Invasion of the body snatchers

If there’s a stage in menopause where you wake up in a body not your own, I’m in it.

I’m not talking about the digestive issues, either, though part of me wonders if that wasn’t influenced by my hormonal upheaval. No, I’m talking about these pillows on either side of my waist. My upper arm flags. The bags under my eyes, and the matching bolsters on my jawline. The overall jiggliness of myself when I attempt (badly — really, you do not want to see this) to have a dance party with my kids.

I was prepared for grays. For wrinkles. For my bra to wander towards the floor (which, thankfully, is not an issue, at least at present). I was not prepared to look like my grandmother. But here we are.

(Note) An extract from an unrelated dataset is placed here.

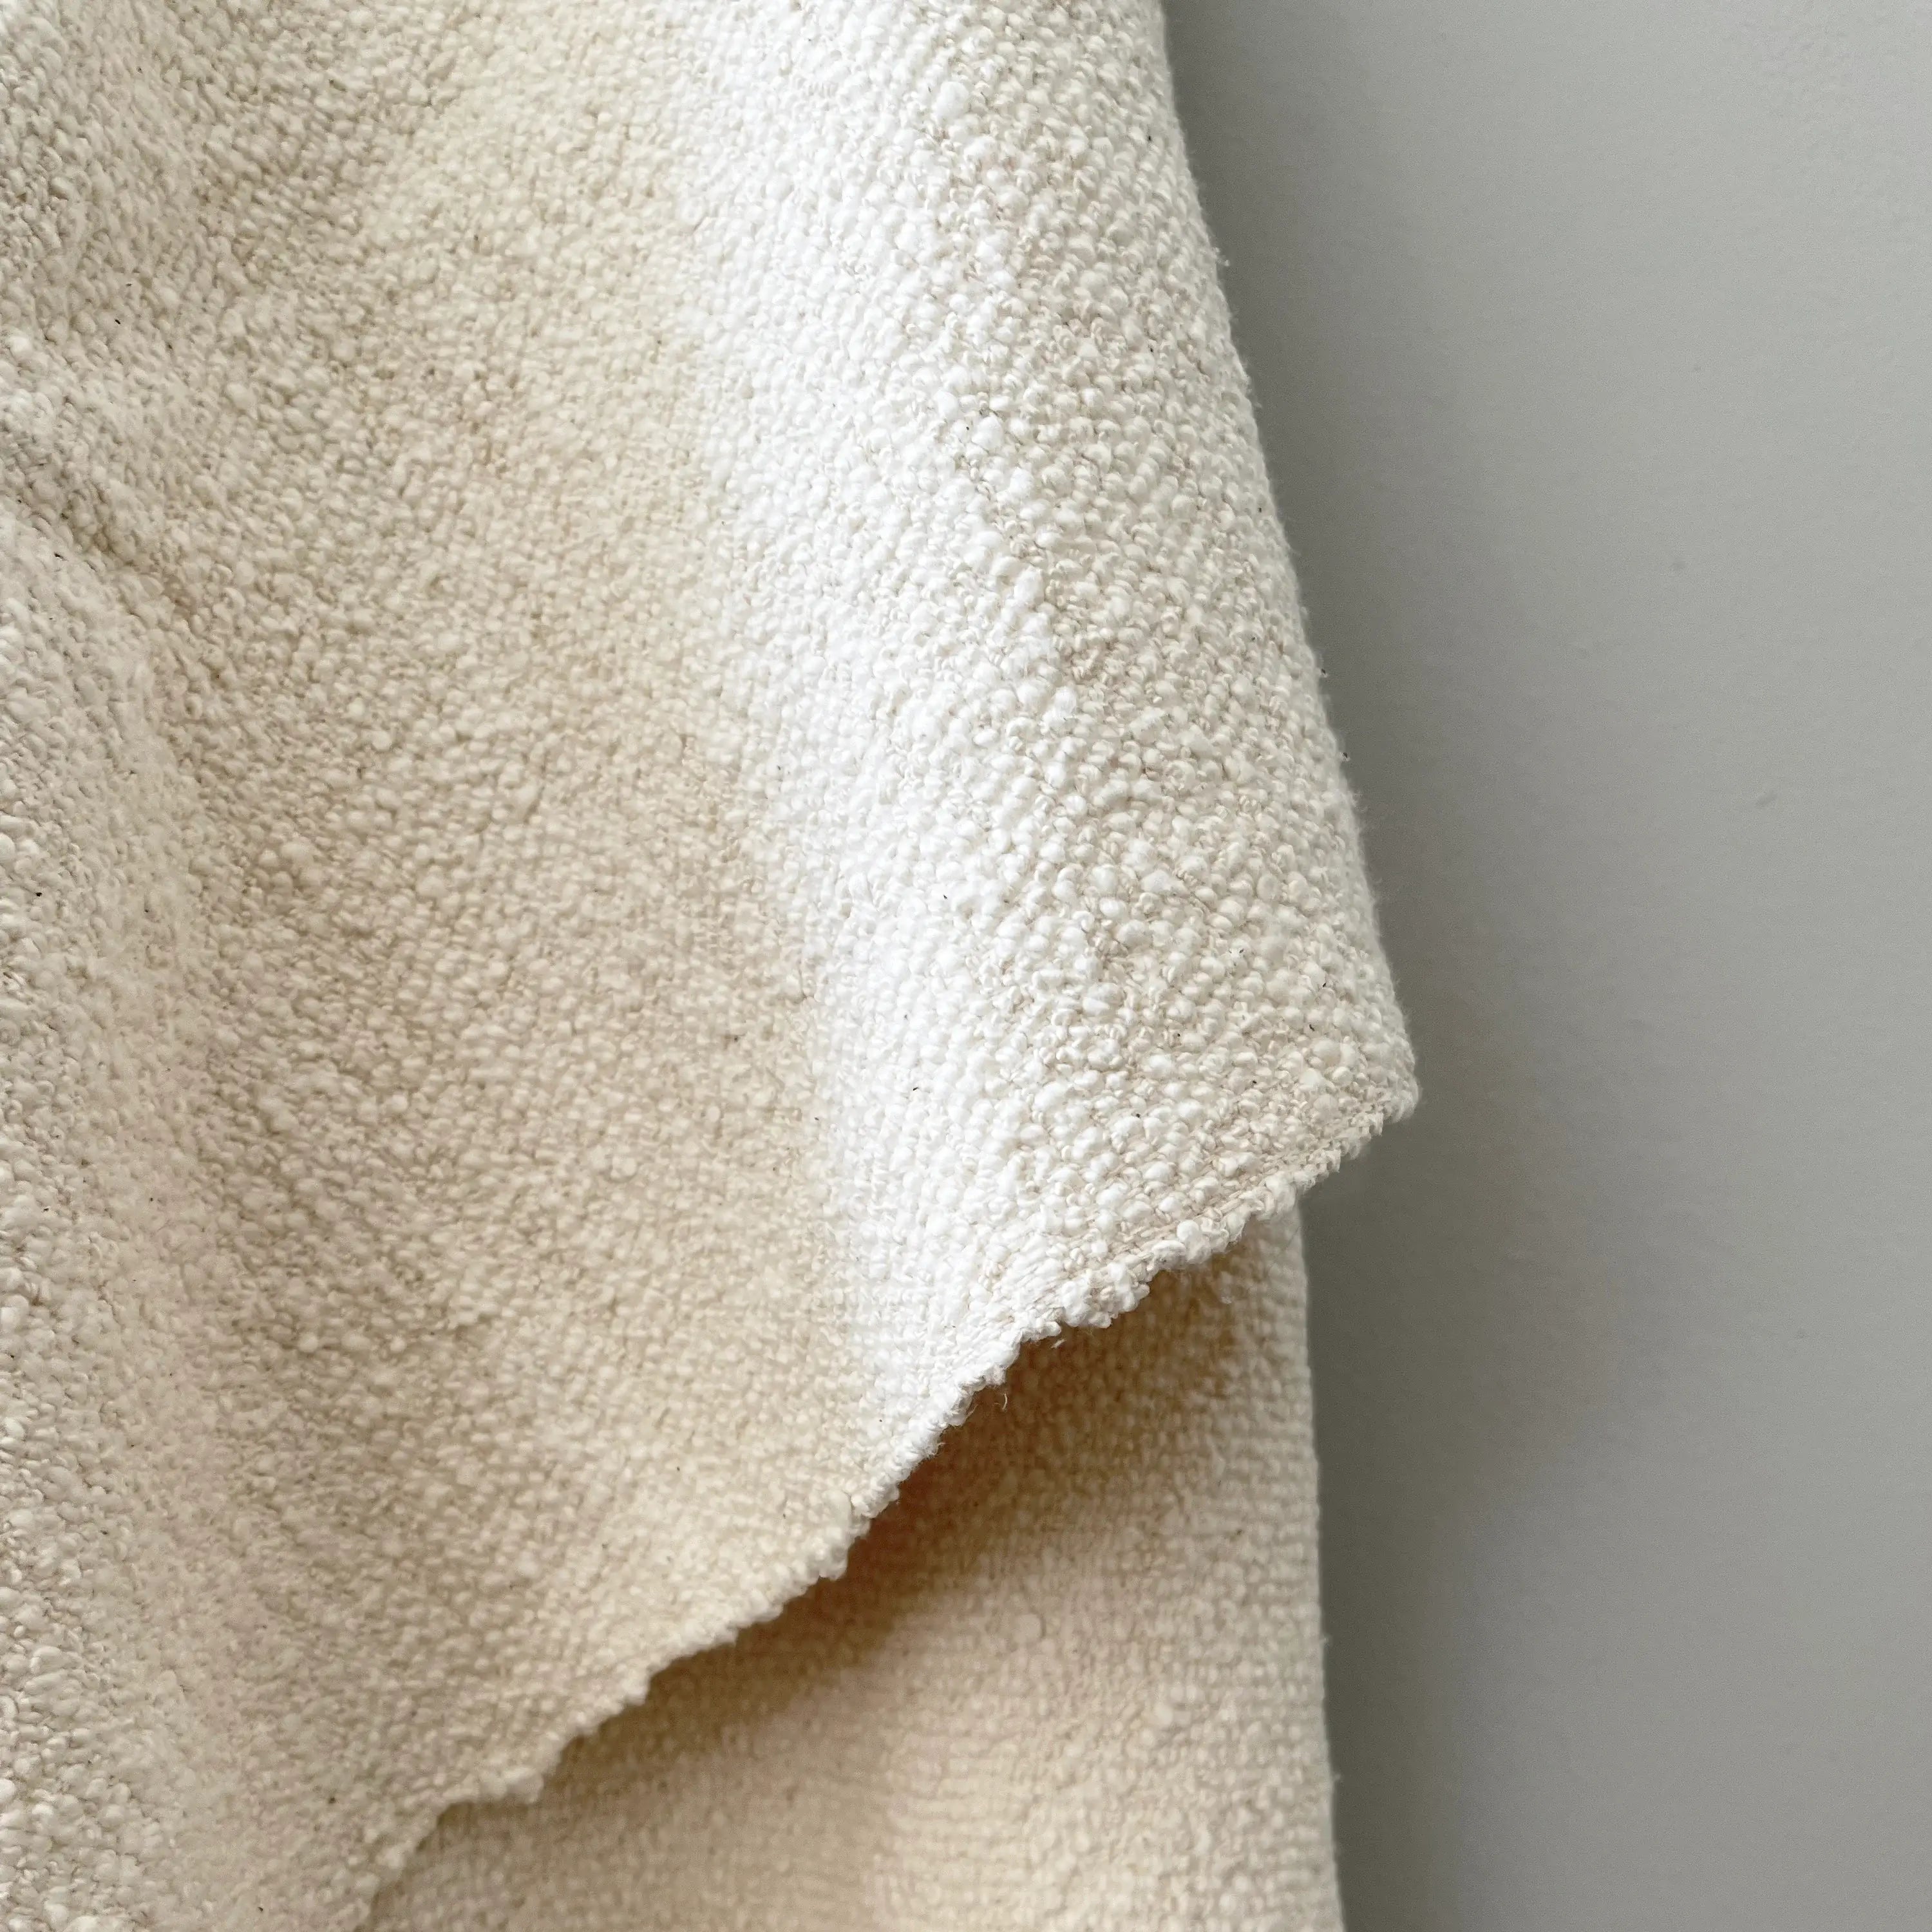 Dounia home bath/ beach towel in Ivory made of Organic cotton, Model: Baya, Close Up View

It’s been a chain reaction of self-loathing. I hate my body, so I hate how I look in clothes. I buy clothes that work better for my body, but I hate them too because they look so…old. I hate my hair, and my face, and I contemplate drastic revisions to both. A new haircut, or maybe hair color. Taking a laser to my face. Or maybe I should focus on my body — have some fat sucked out. Only I’m broke, squeamish, and have seen that episode of X-Files one too many times.

Think smaller. Like anti-aging serum I’m not sure I even needed that — after three days! — left a red, scaly chemical burn-style rash all over my face and neck. Oh, right: I have sensitive skin. I forgot that in my desire to blast the top layer of it off.

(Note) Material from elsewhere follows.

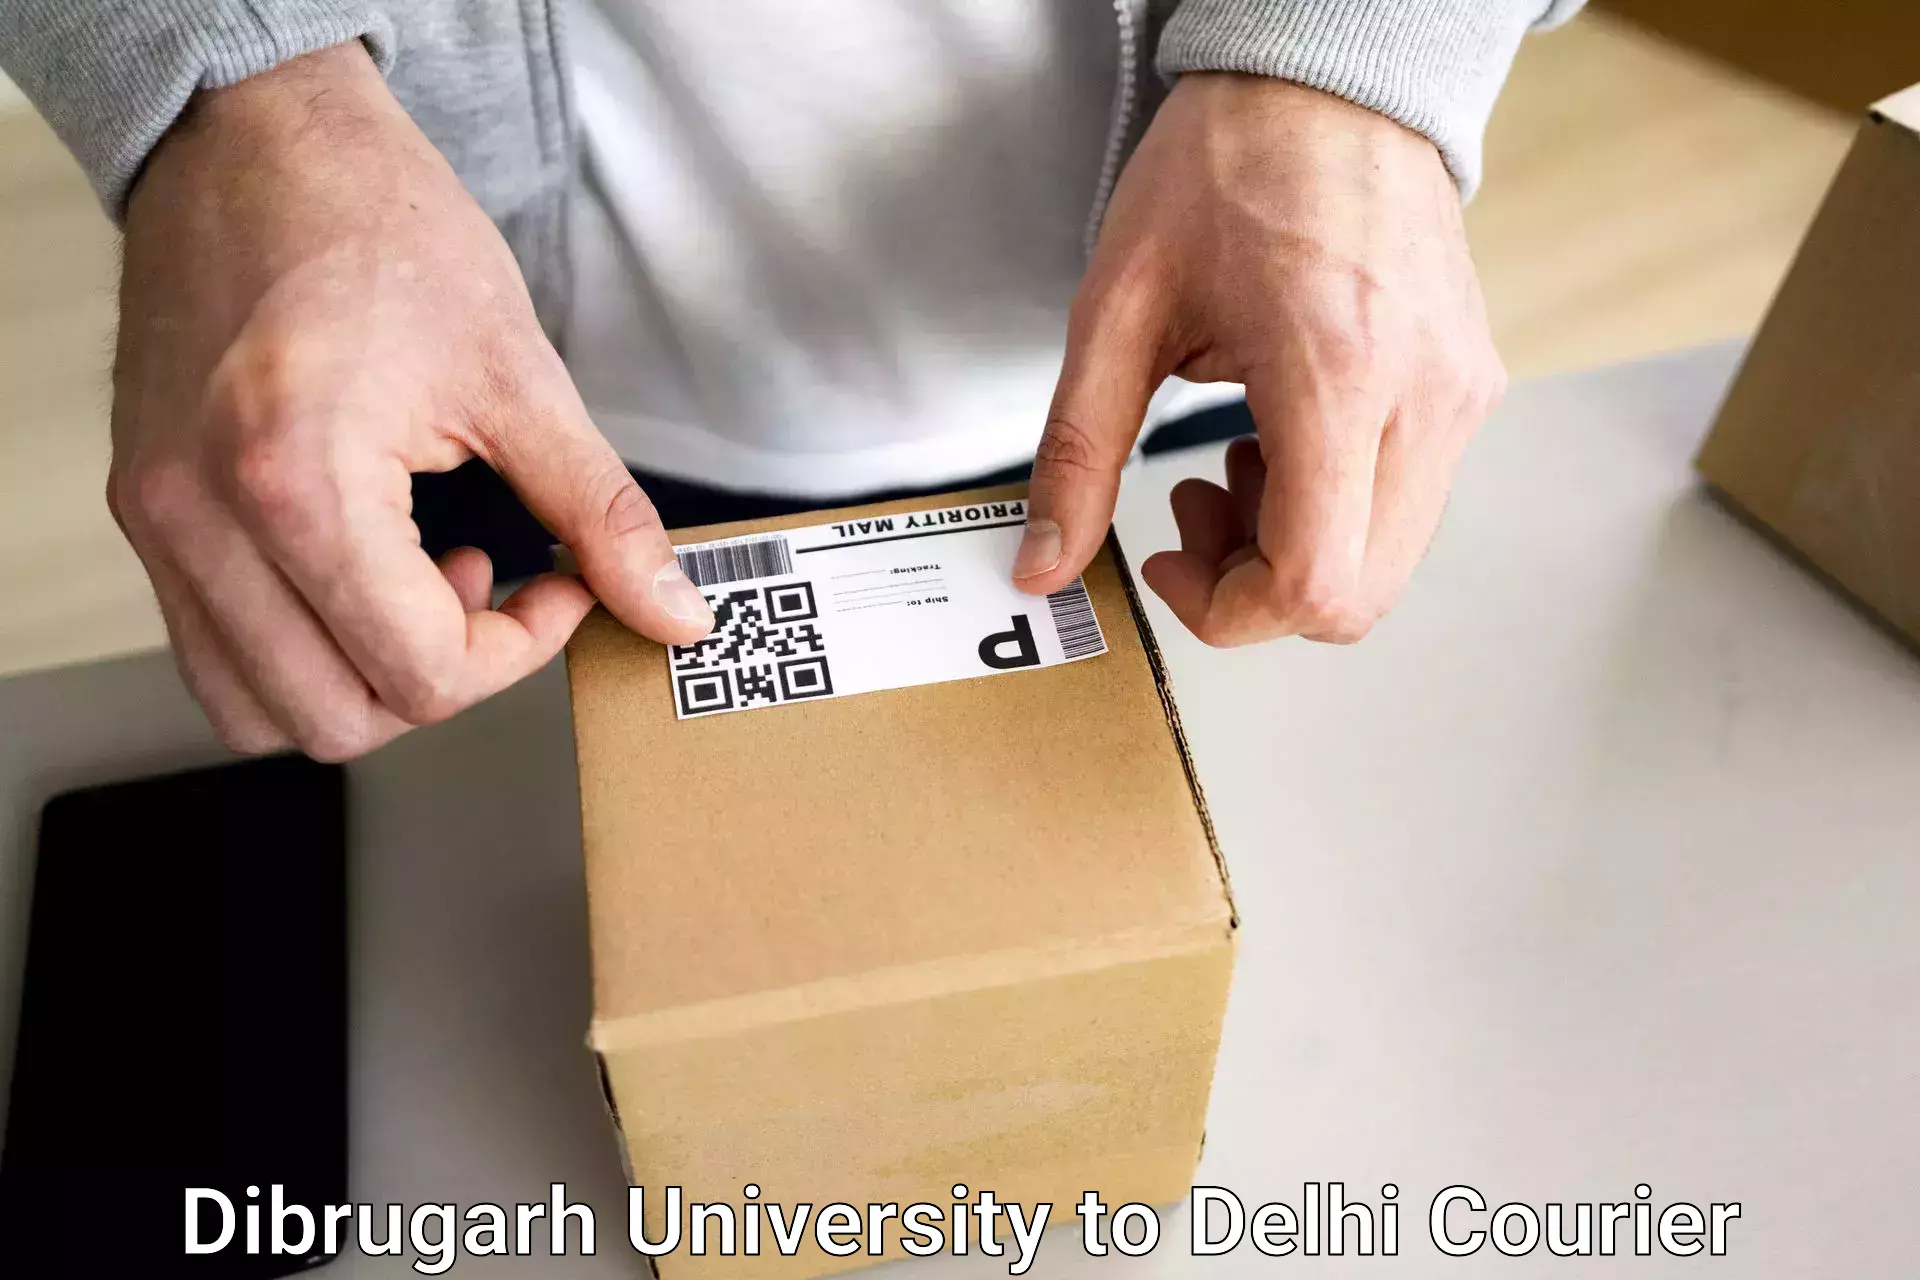 Luggage shipment tracking Dibrugarh University to University of Delhi

So now I’m pudgy and flabby and gray and wrinkled AND red and scabby. Nice.

I’m not opposed to aging, and I’m not a fan of trying to look 30 when you’re 70. But I guess I’m also not ready, mentally, for the age I am. It’s the back bookend to the feeling I had when I entered puberty: I wasn’t any more ready for boobs and body hair and armpit odor than I am for the changes I’m going through now.

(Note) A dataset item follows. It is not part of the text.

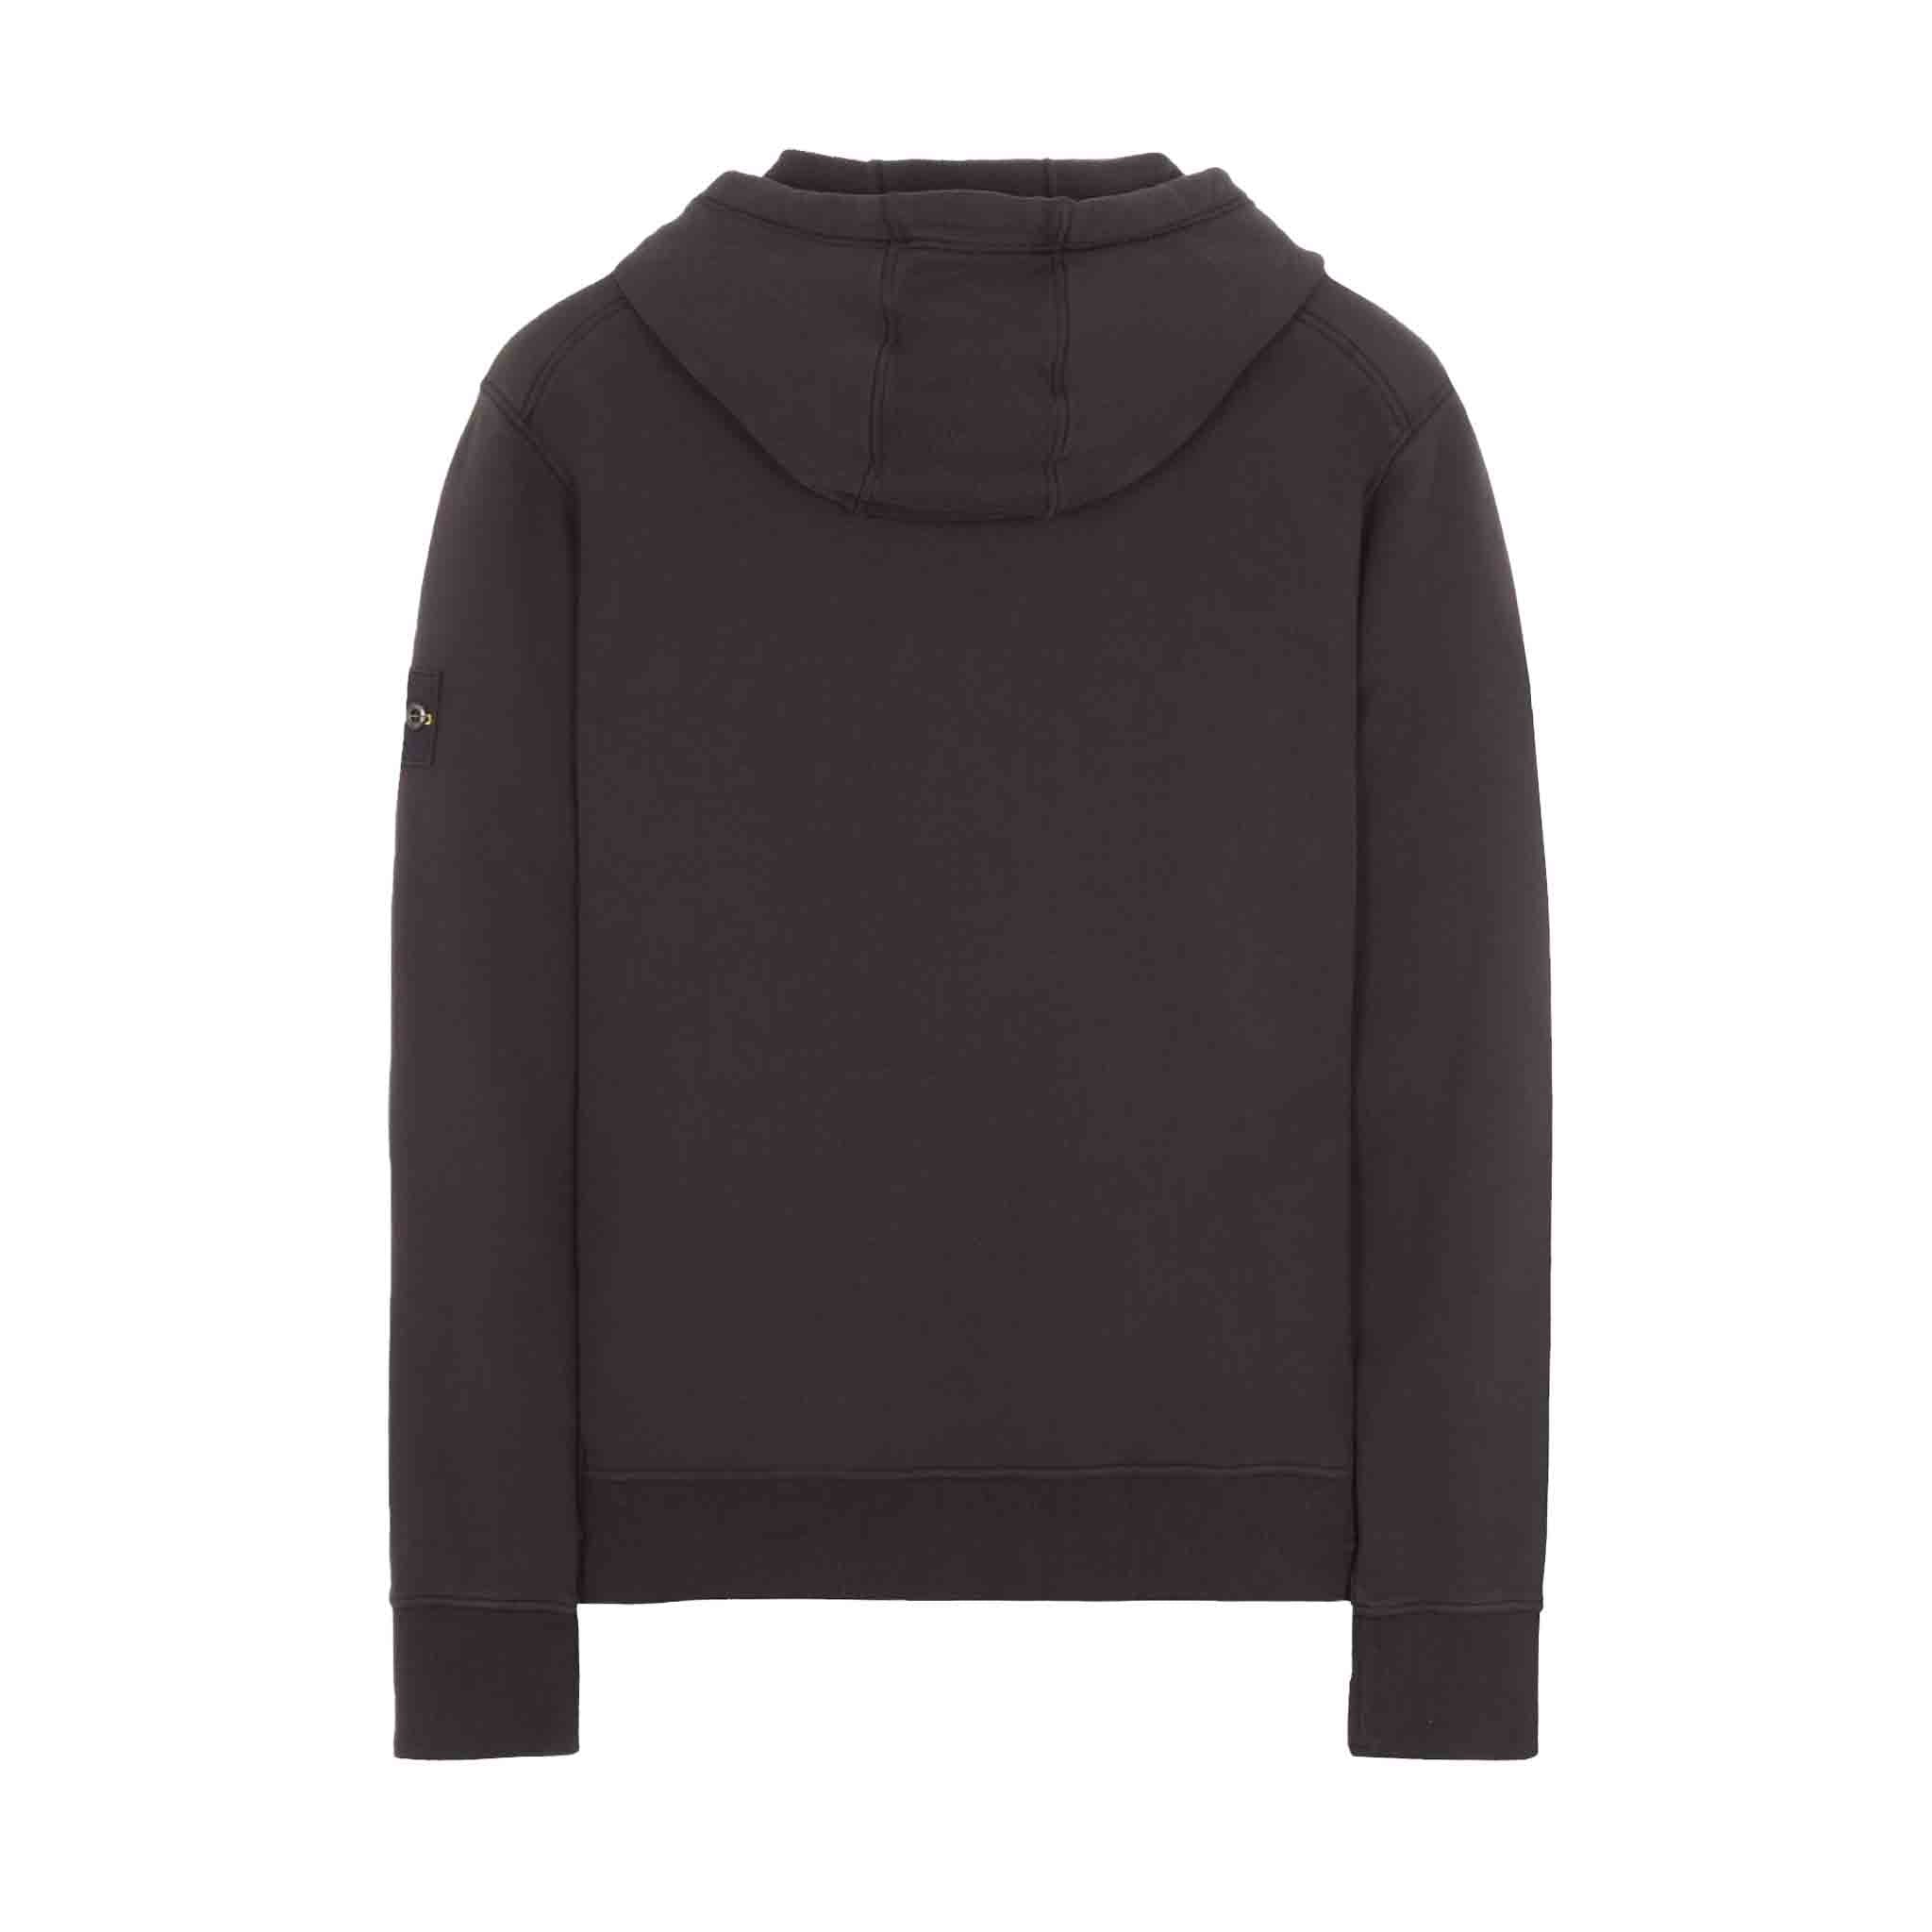 Stone Island Garment Dyed Hooded Sweatshirt in Steel Grey

Once again, my body is not my own. And I do not approve.


6 thoughts on “Invasion of the body snatchers

  1. I’ve never really thought of it as our bodies not being our own, but that is how it feels. All these changes at once, happening against our will. I just went with it. I stopped coloring my hair after chemo ended and I have a bunch of grey hair that I’m not used to. I look in the mirror and see my mother. It’s wild.